Thursday, January 22, 2009

Fiscal Stimulus: What the Christ?

I apologize for such a long post before hand but...

Akaash, Lion and I were in the kitchen last night talking over one another, trying to make sense of an economic theory that can't be made sense of, when Dave rudely interrupted us with a question that was actually relevant:

"Is the Obama fiscal stimulus package too big or too small?"

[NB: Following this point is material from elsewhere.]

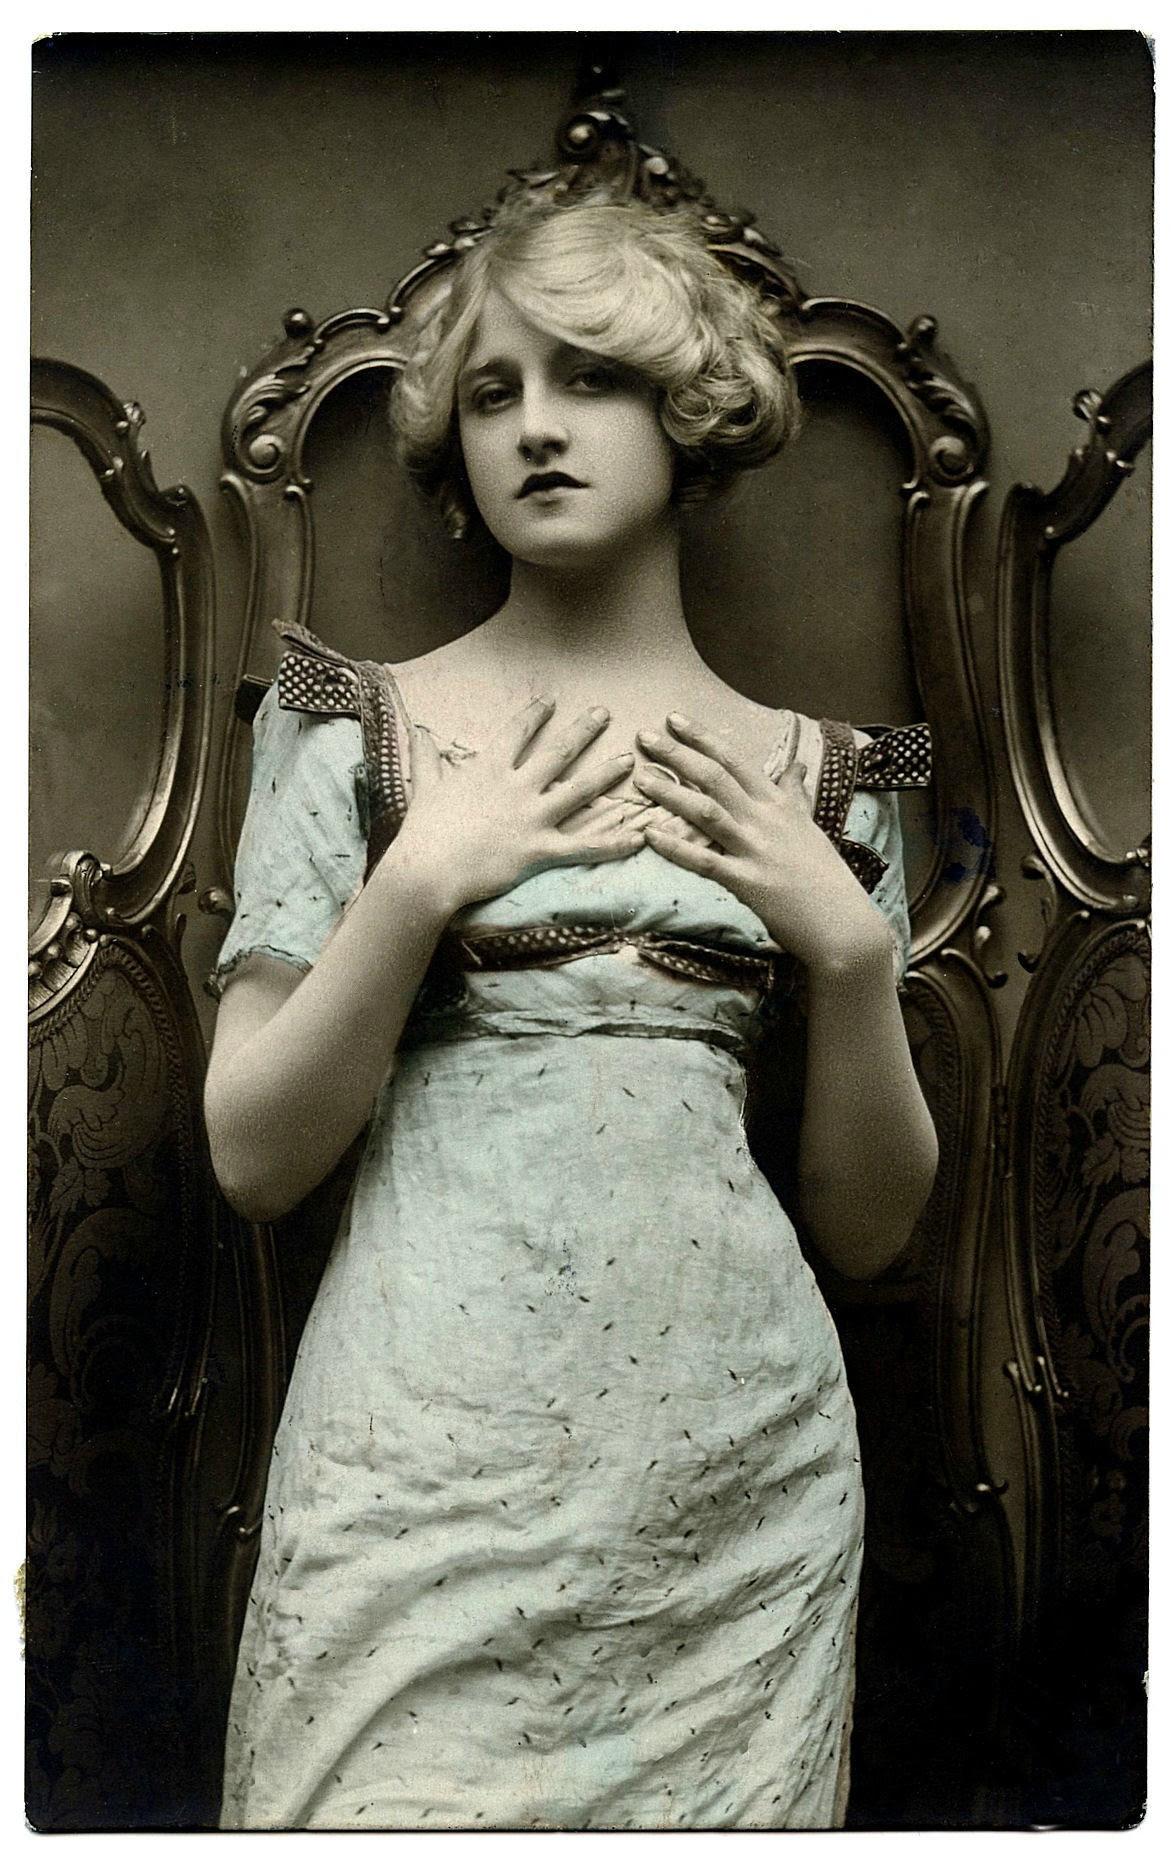 Boobs Artistic Nude Photography Gallery Vintage Scenes

Obviously, I am not an economist. I will therefore answer--and hopefully kick off a broader economically-oriented discussion not exclusively devoted to the number of new ones China will be tearing us--in a way that no self-respecting gainfully employed economist ever would: I have no idea. Economics, as Lion has repeatedly and rightly pointed out, is not a hard science despite what some may have you believe. Conceptually speaking, an "economy" is the sum total of all transactions within an arbitrarily defined space (or among an arbitrarily defined group of people), with all the seemingly infinite and infinitely complicated and unquantifiable incentives, assumptions and externalities that may correspond. Which is just a needlessly wordy/douchy way of saying that this shit is complicated and so predicting anything is pretty hard. Right now, we face a recession and a pretty nasty one at that. But with all the variables involved, it might serve us well to think of a recession like a snowflake. Or, better yet, a flesh-eating bacterium. Each one is entirely unique and uniquely horrible. And so while each school of economic thought has its very own toolbox full of policy prescriptions (ranging from the most intensive Keynesian intervention to the old "sit on our hands and hum" method favored by those with a more laissez-faire oriented outlook), each economic clusterfuck is its very own little miracle.

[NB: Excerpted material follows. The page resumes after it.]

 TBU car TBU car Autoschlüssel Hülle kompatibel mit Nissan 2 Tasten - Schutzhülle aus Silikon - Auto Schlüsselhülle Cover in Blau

That being said, most mainstream economists think a pretty much tried and in some cases true Keynesian economic stimulus package is the way to go. According to Keynes, a recession like that of the Great Depression and (in most cases) like the one that is currently making it so damn difficult for me to find a job...


About: what I am not referring to

...is a problem of "deficient demand." In short, this means that people are not buying enough stuff and not investing enough money. If people aren't spending enough, companies can't afford to keep paying employees, which causes those employees to spend less, which leads more people to be laid off, etc. Right now, with housing prices falling, job insecurity on the rise, and common commercial interest rates riding high, most individuals are cutting back--understandably so. It is therefore the government's place, so the argument goes, to supplement that "deficiency" with spending or tax cuts.

The traditional critiques (that is, those levied by some of the more hard-line neoclassical schools) can summarized as follows:

a) The unregulated economy is inherently efficient--that is, demand and supply will rapidly converge upon a new so-called "market clearing price". On the broadest possible level, the implication is that if aggregate demand has fallen throughout the economy, this may lead to a temporary decrease in output and therefore an increase in unemployment, but that the decrease in the wage rate resulting from that increase in unemployment and all other falling input prices resulting from the general fall in aggregate demand will all constitute declines in costs for firms. Firms will therefore be able to start producing more, which pushes prices down further, which convinces more people to start buying stuff, which increase employment. In the end then, the economy in real terms is back to where it was at the beginning, without the help of the socialists in Washington, thank you very much. The failure of the economy to react this way, so this criticism goes, must have to do with regulations imposing rigidities on the ability of firms to adjust in this way. Thanks a lot, minimum wage.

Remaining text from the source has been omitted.